*** Block opens ***
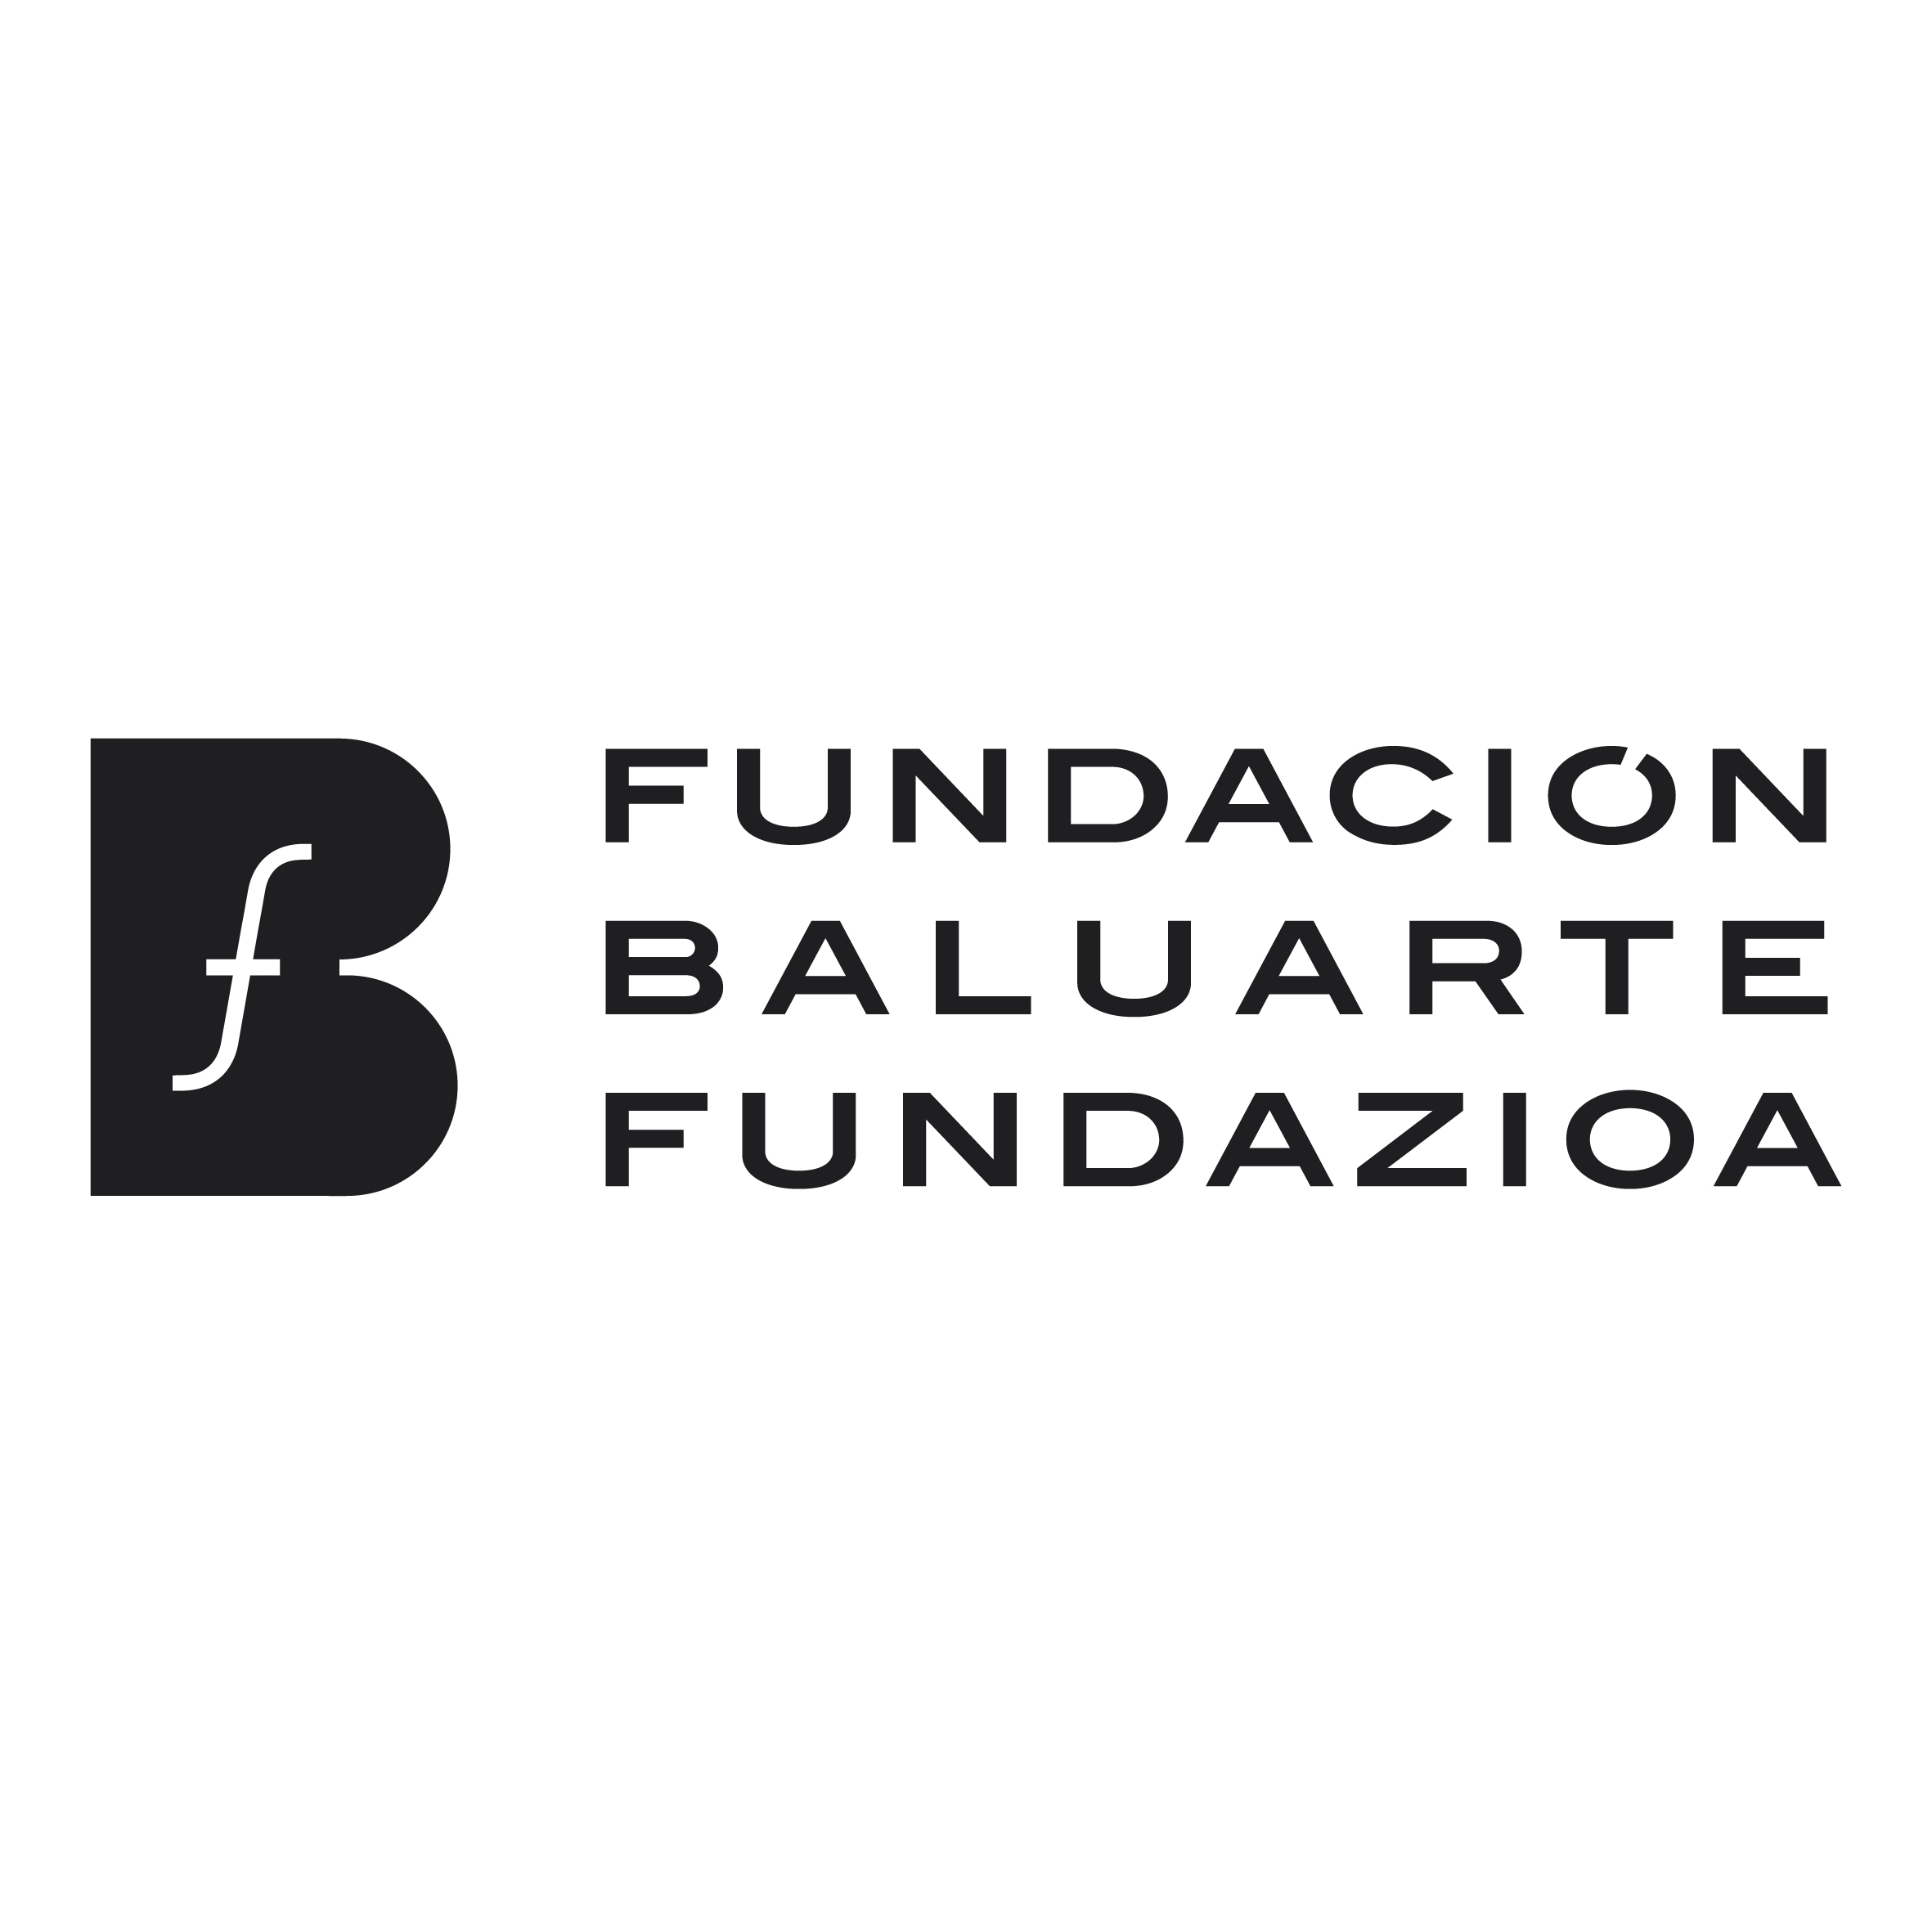 (c) Fundacionbaluarte.com
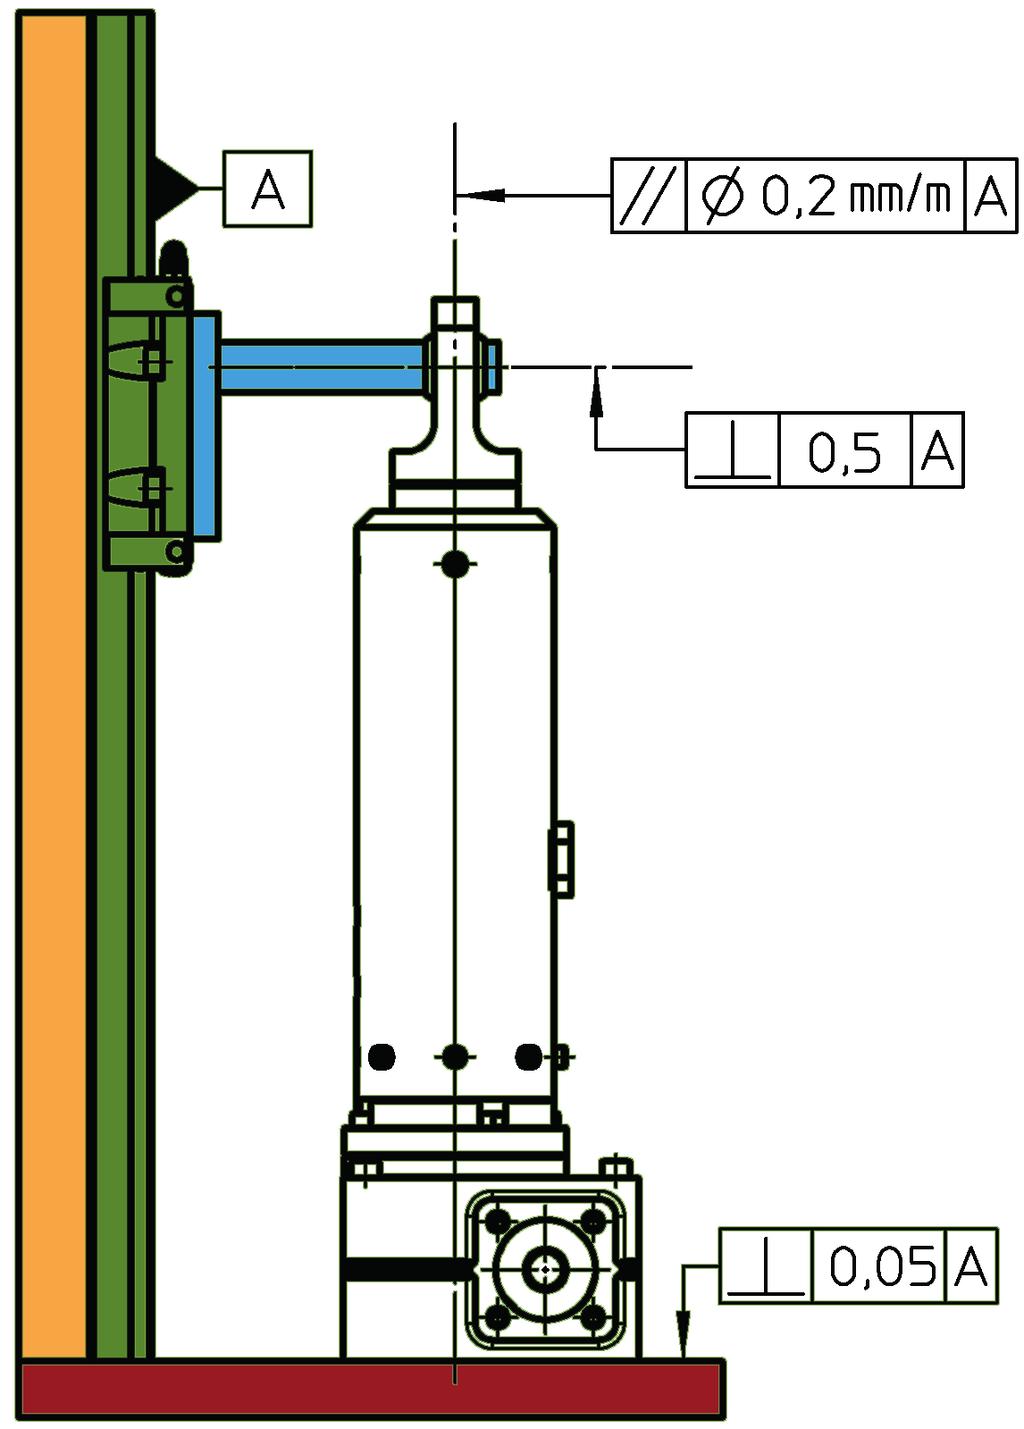 Gewindeanschluss (Bild 2): Vorzugsweise zur Befestigung eigener Anbauteile verwenden. Bei Direktverschraubung muss das Getriebe bei Montage ausgerichtet werden können.
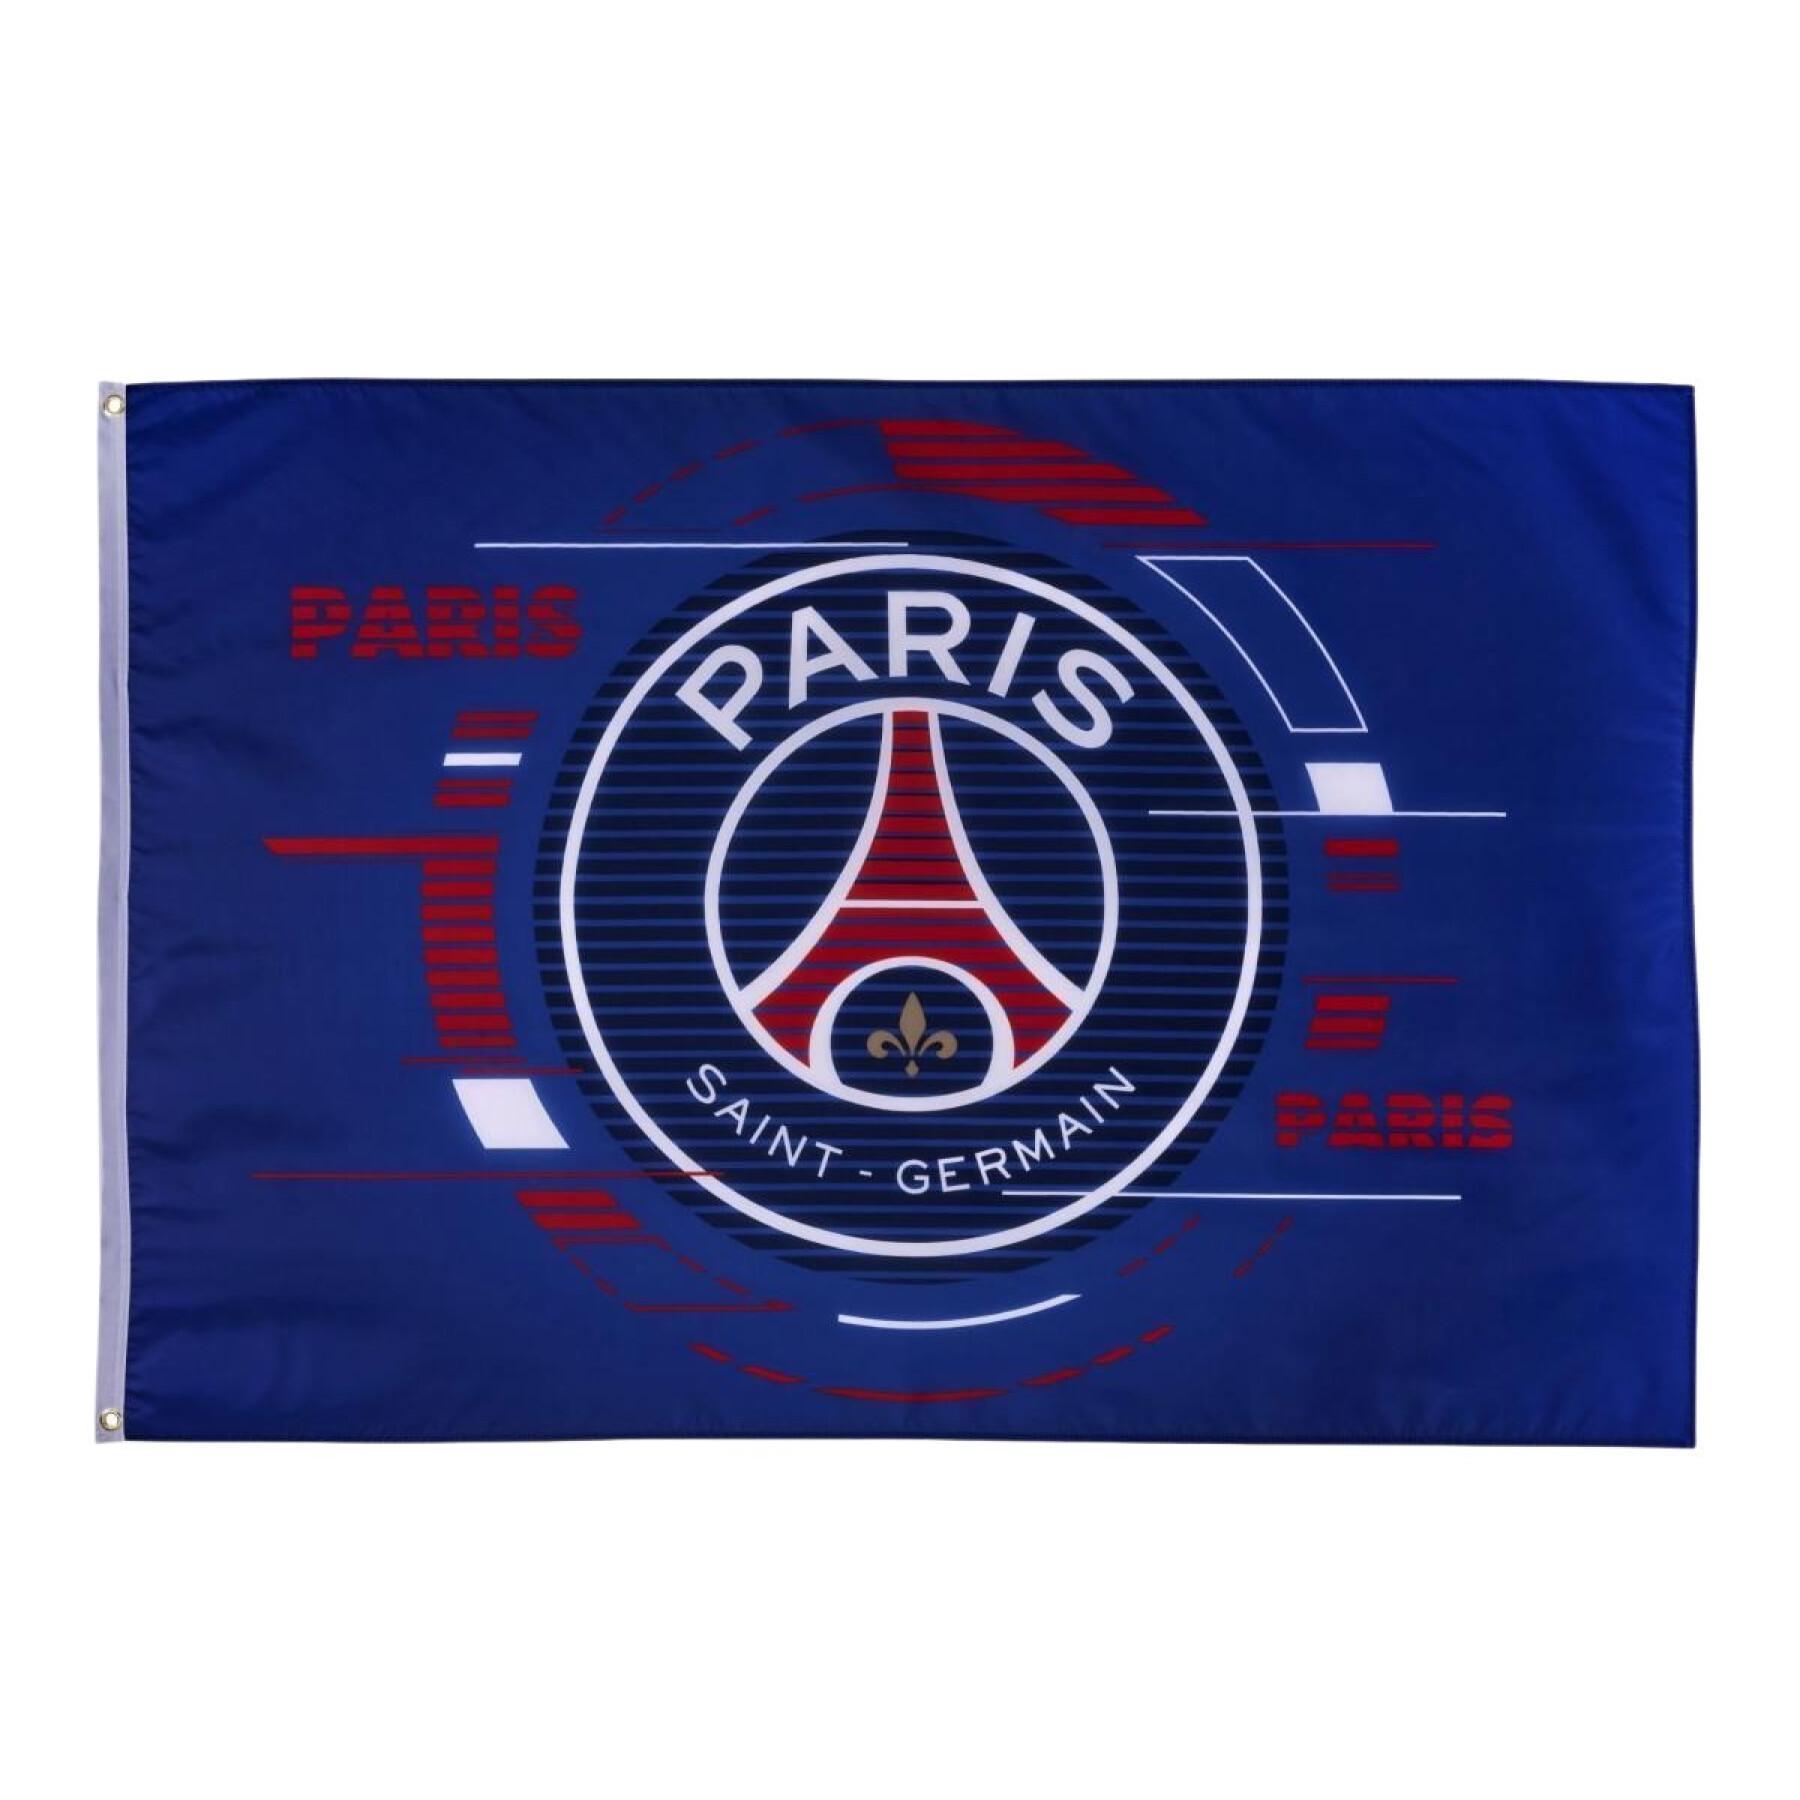 Bandera con logo grande paris saint-germain 2021/22
*** Block closes ***
Problem description.
Nothing should be printed except the lines from the one with "Gewindeanschluss (Bild 2): Vorzugsweise" through the last line of the listing above, both ends included; please drop the pictures.

Answer section.
 Gewindeanschluss (Bild 2): Vorzugsweise zur Befestigung eigener Anbauteile verwenden. Bei Direktverschraubung muss das Getriebe bei Montage ausgerichtet werden können.
 Bandera con logo grande paris saint-germain 2021/22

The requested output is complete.